They would buy genius in these days like
wine, and throw aside the flask in which it ripened.
Raffaelle and Buonarotti were companions for a pope
and his cardinals: Titian was an honored guest for the
doge. The stimulus to immortalize these noble friends
was in the love they bore them; and the secret of their
power to do it lay half in the knowledge of their characters,
gained by daily intimacy. Painters were princes
then, as they are beggars now; and the princely art is
beggared as well!”

The marchesa del Marmore stepped out upon
the balcony, leaning on the arm of the grand
chamberlain. The soliloquizing secretary had foretold
to himself both her coming and her companon.

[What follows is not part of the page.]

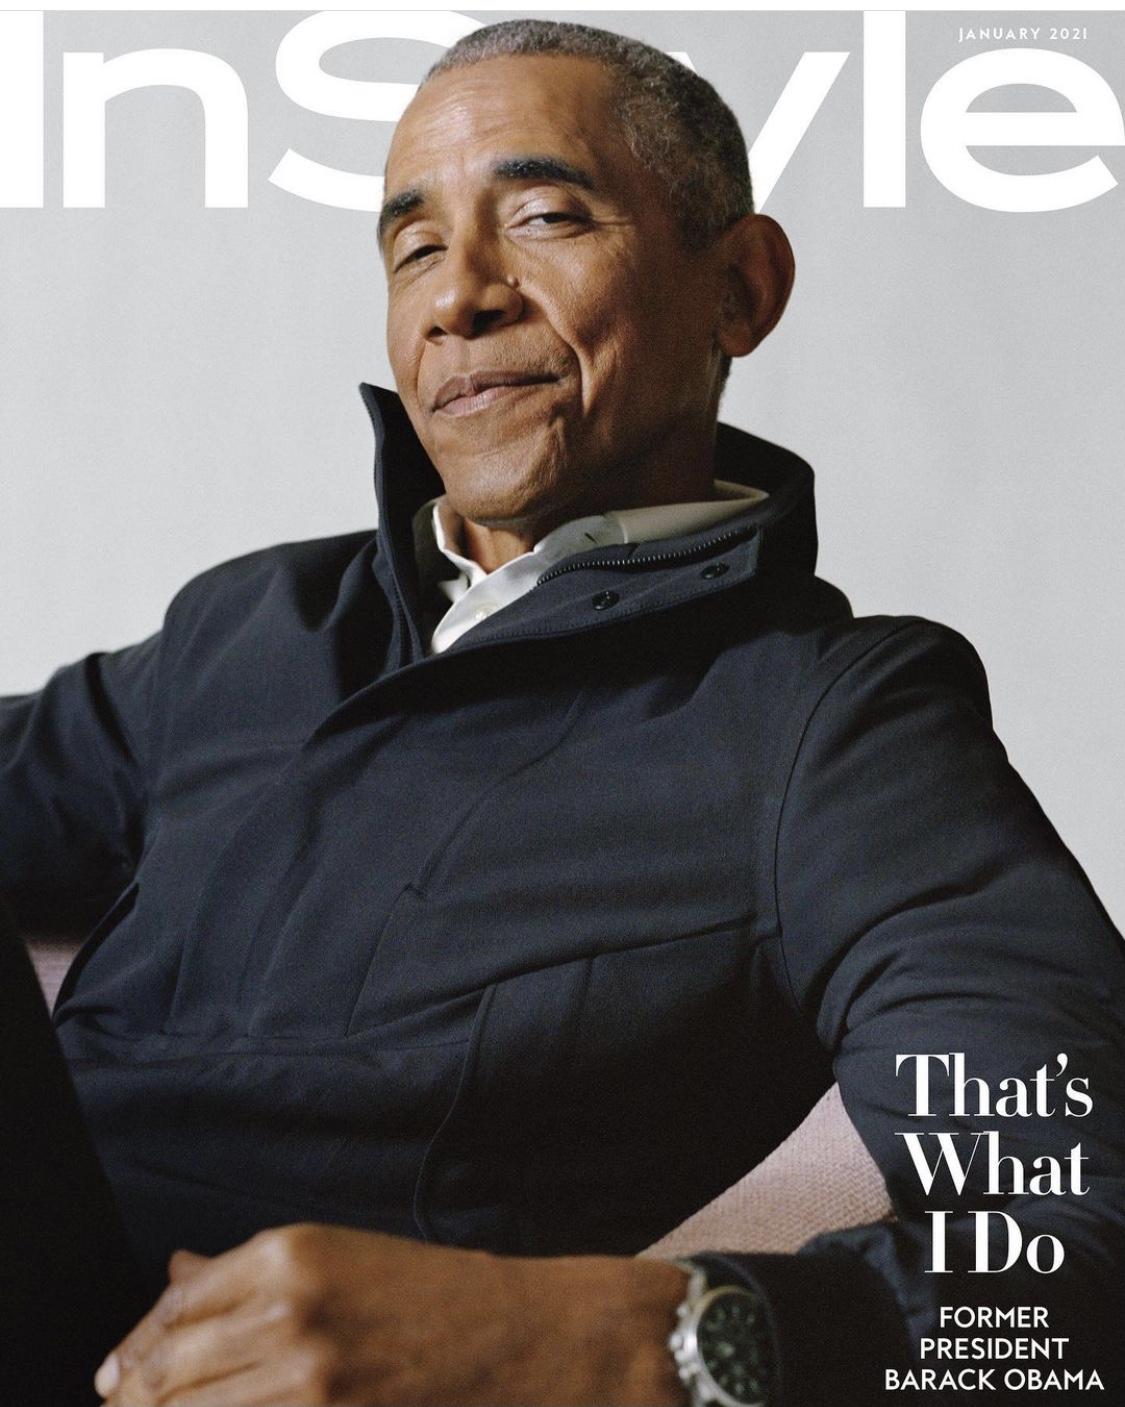 Barack-Obama-InStyle-magazine-January-issue-A-promised-land-book

“Monsieur le comte,” said the chamberlain, “la
marchesa del Marmore wishes for the pleasure of your
acquaintance.”

Count Basil bowed low, and in that low and musical
tone of respectful devotion which, real or counterfeit,
made him irresistible to a woman who had a soul to be
thrilled, he repeated the usual nothings upon the beauty
of the night; and when the chamberlain returned
to his duties, the marchesa walked forth with her
companion to the cool and fragrant alleys of the garden,
and, under the silent and listening stars, implored
forgiveness for her pride; and, with the sudden abandonment
peculiar to the clime, poured into his ear
the passionate and weeping avowal of her sorrow and
love.

“Those hours of penitence in the embayed window,”
thought Count Basil, “were healthy for your
soul.” And as she walked by his side, leaning heavily
on his arm, and half-dissolved in a confiding tenderness,
his thoughts reverted to another and a far sweeter
voice; and while the caressing words of the marchesa
fell on an unlistening ear, his footsteps insensibly turned
back to the lighted hall.

6. VI.

As the daylight stole softly over Vallombrosa, the
luxurious chariot of the marchesa del Marmore stopped
at the door of Count Basil. The lady Geraldine's suit
had been successful; and the hitherto excluded Florentine
had received, from the hand of the man she had
once so ignorantly scorned, a privilege for which she
would have bartered her salvation: she had supped at
his side in the saloon of Hercules. With many faults
of character, she was an Italian in feeling, and had a
capacity, like all her countrywomen, for a consuming
and headlong passion. She had better have been born
of marble.

“I have lifted you to heaven,” said Count Basil, as
her chariot-wheels rolled from his door; “but it is as
the eagle soars into the clouds with the serpent. We
will see how you will relish the fall!”

2. PART II.

The grand-duke's carriages, with their six horses
and outriders, had turned down the Borg'ognisanti,
and the “City of the Red Lily,” waking from her
noonday slumber, was alive with the sound of wheels.
The sun was sinking over the Apennine which kneels
at the gate of Florence; the streets were cool and
shadowy; the old women, with the bambina between
their knees, braided straw at the doors; the booted
guardsman paced his black charger slowly over the
jeweller's bridge; the picture-dealer brought forward
his brightest “master” to the fading light; and while
the famous churches of that fairest city of the earth
called to the Ave-Maria with impatient bell, the gallantry
and beauty of Tuscany sped through the dampening
air with their swift horses, meeting and passing
with gay greetings amid the green alleys of the Cascine.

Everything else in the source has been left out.